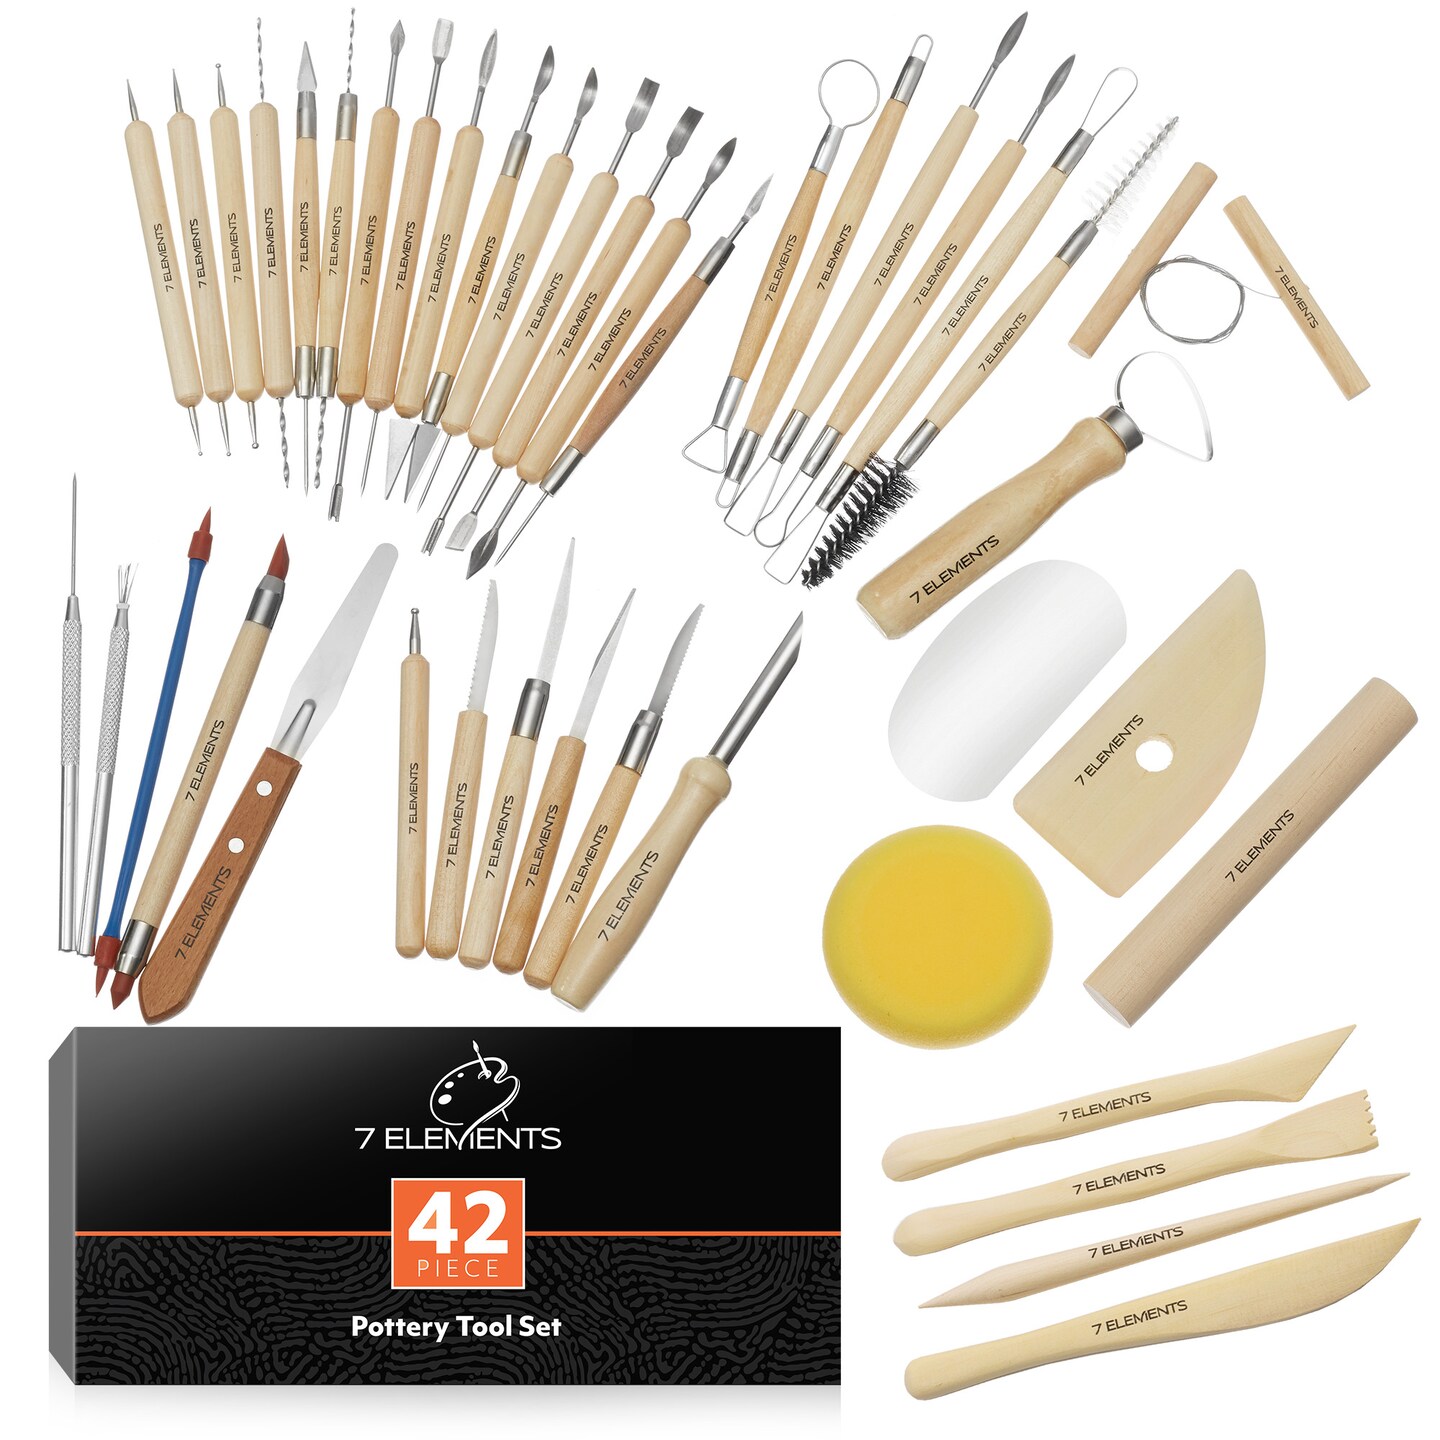 43 Piece Clay Tool Set by Craft Smart®
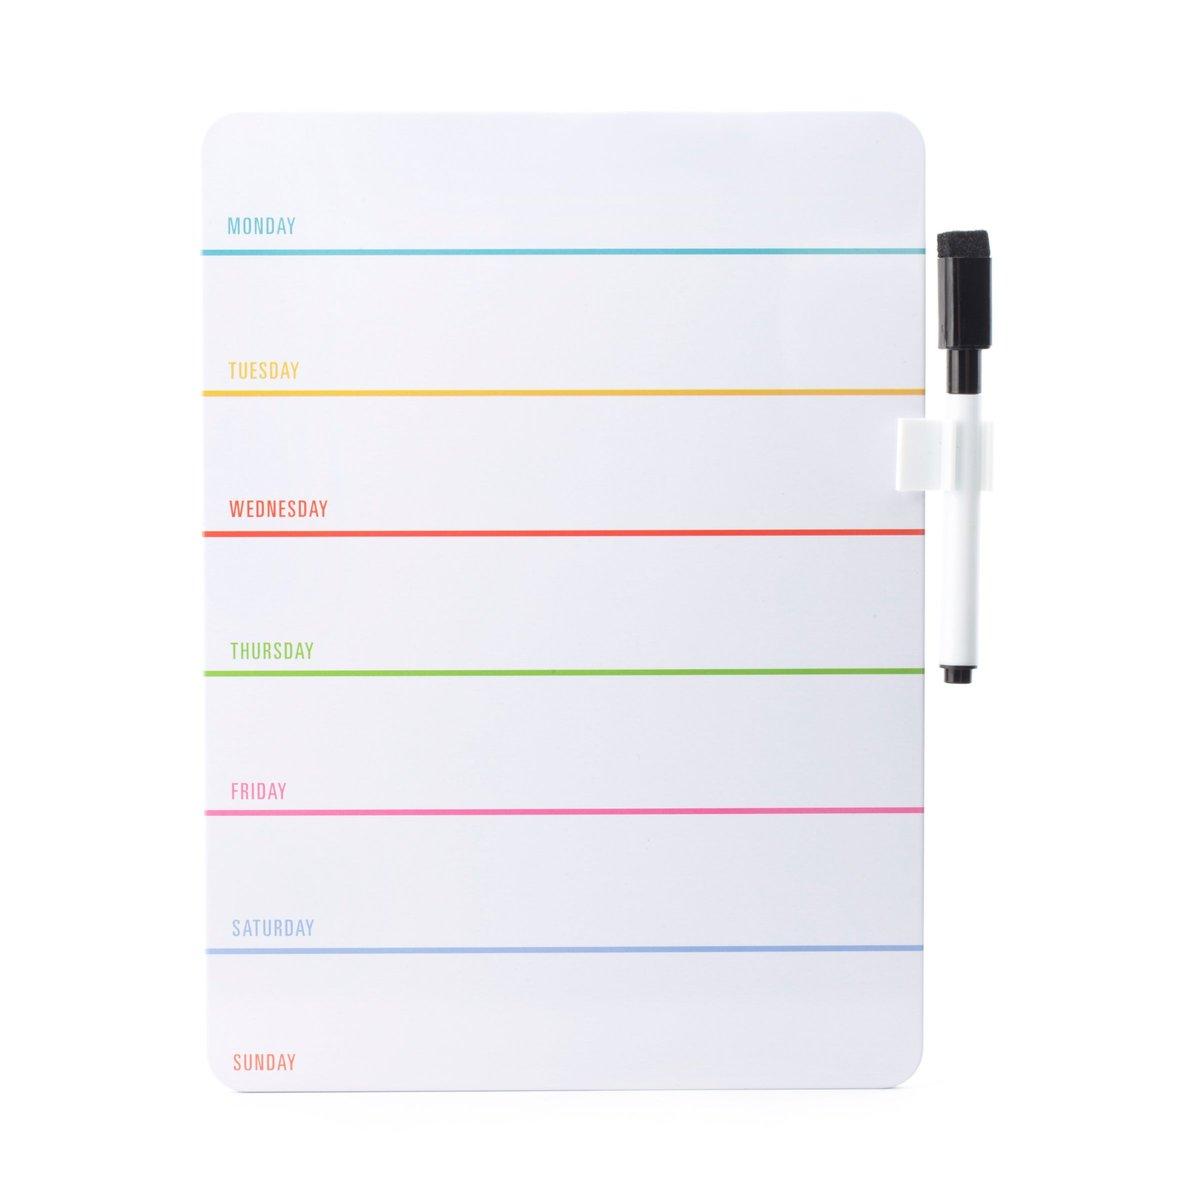 Kikkerland Magnetic Daily Dry Erase Board - Daily Board with Lines and Days, Organize Chores, Daily Tasks, Activities, etc. Easy Write and Erase, Includes Dry Erase Marker
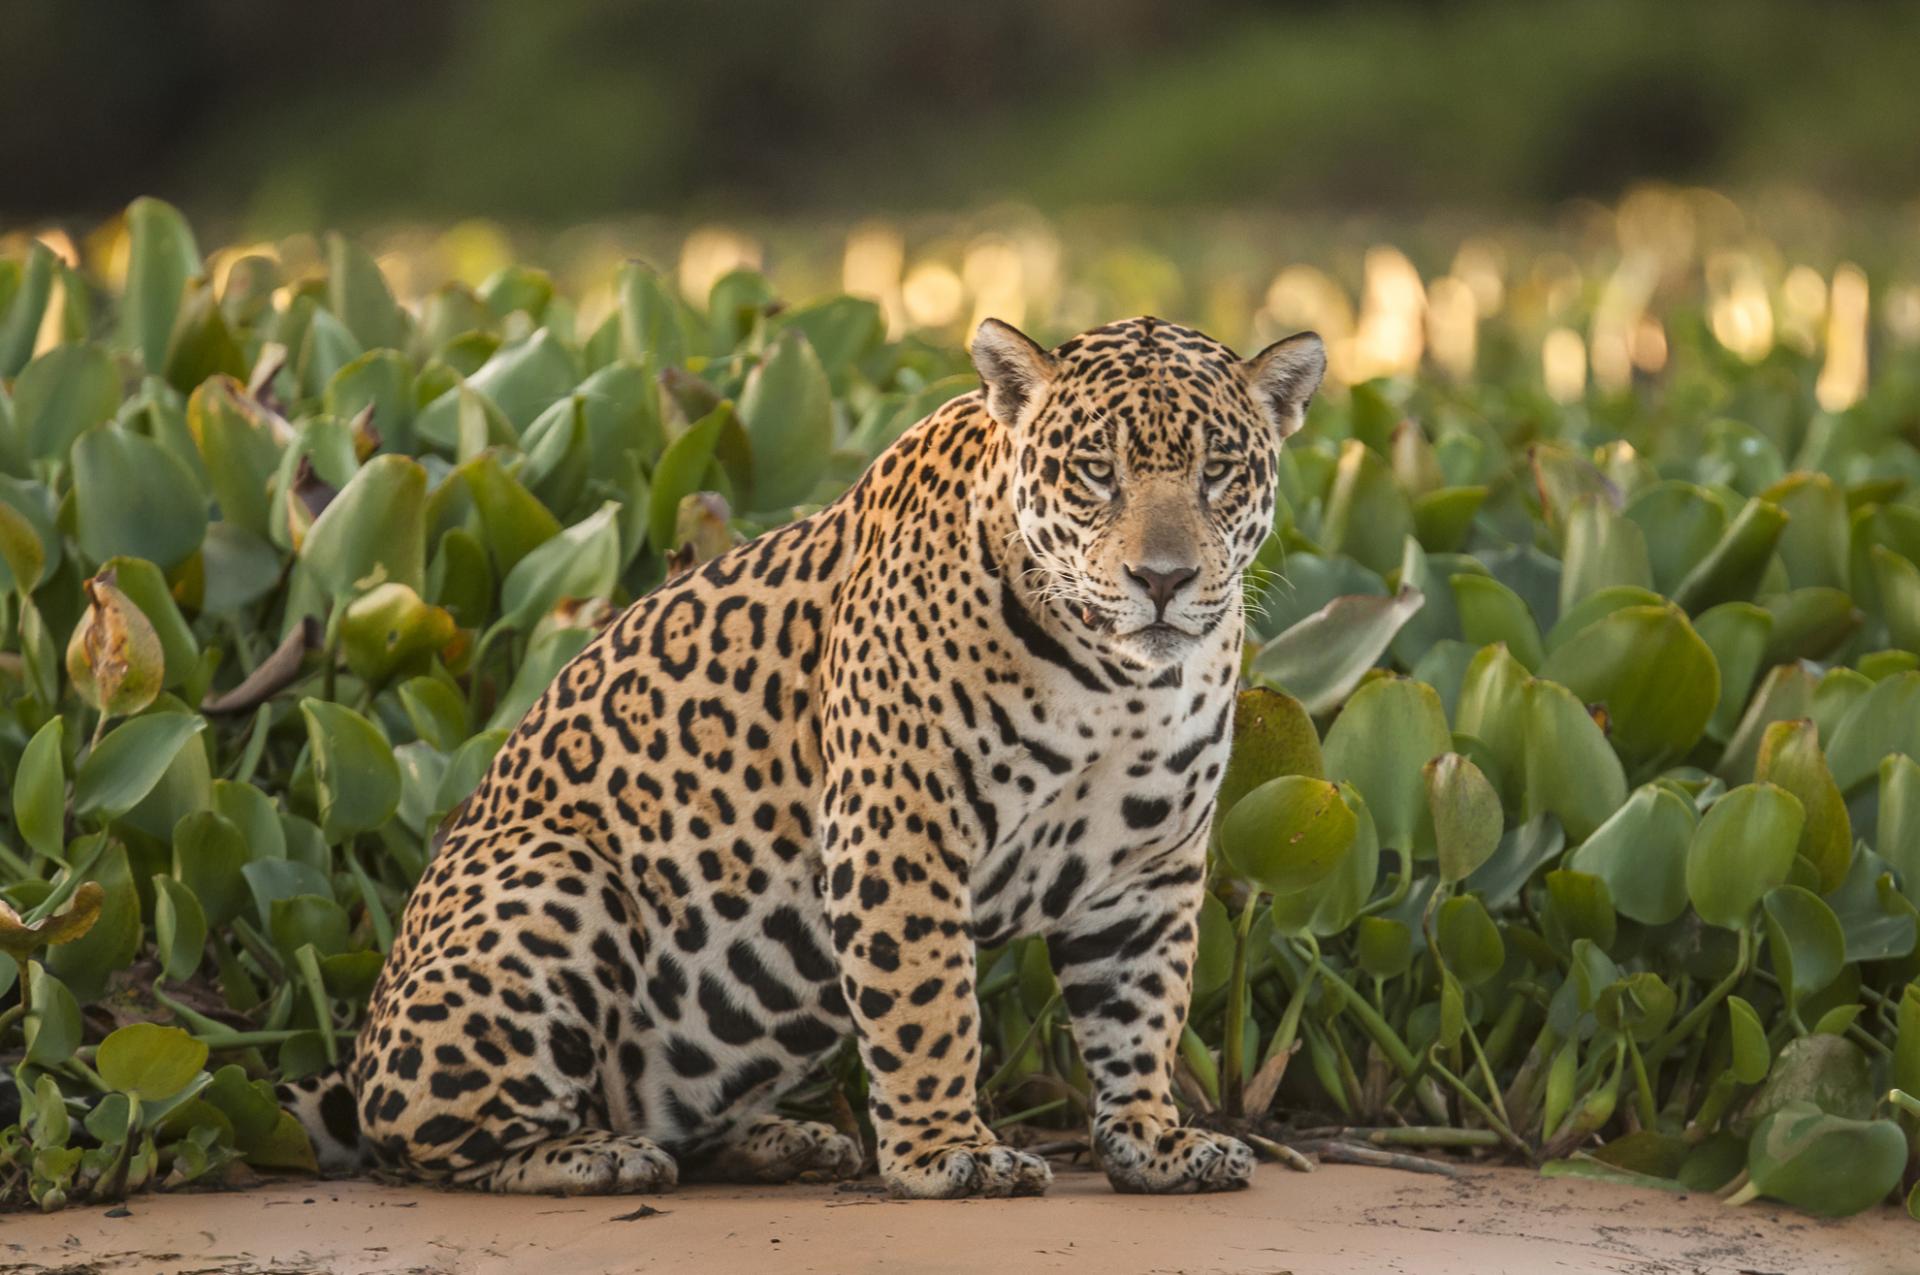 A Jaguar spotted at the riverbanks of the northern Pantanal
........
ACTIVITY: Please retype the whole listing above word for word and drop the pictures.

YOUR RESPONSE:
 43 Piece Clay Tool Set by Craft Smart®
 Kikkerland Magnetic Daily Dry Erase Board - Daily Board with Lines and Days, Organize Chores, Daily Tasks, Activities, etc. Easy Write and Erase, Includes Dry Erase Marker
 A Jaguar spotted at the riverbanks of the northern Pantanal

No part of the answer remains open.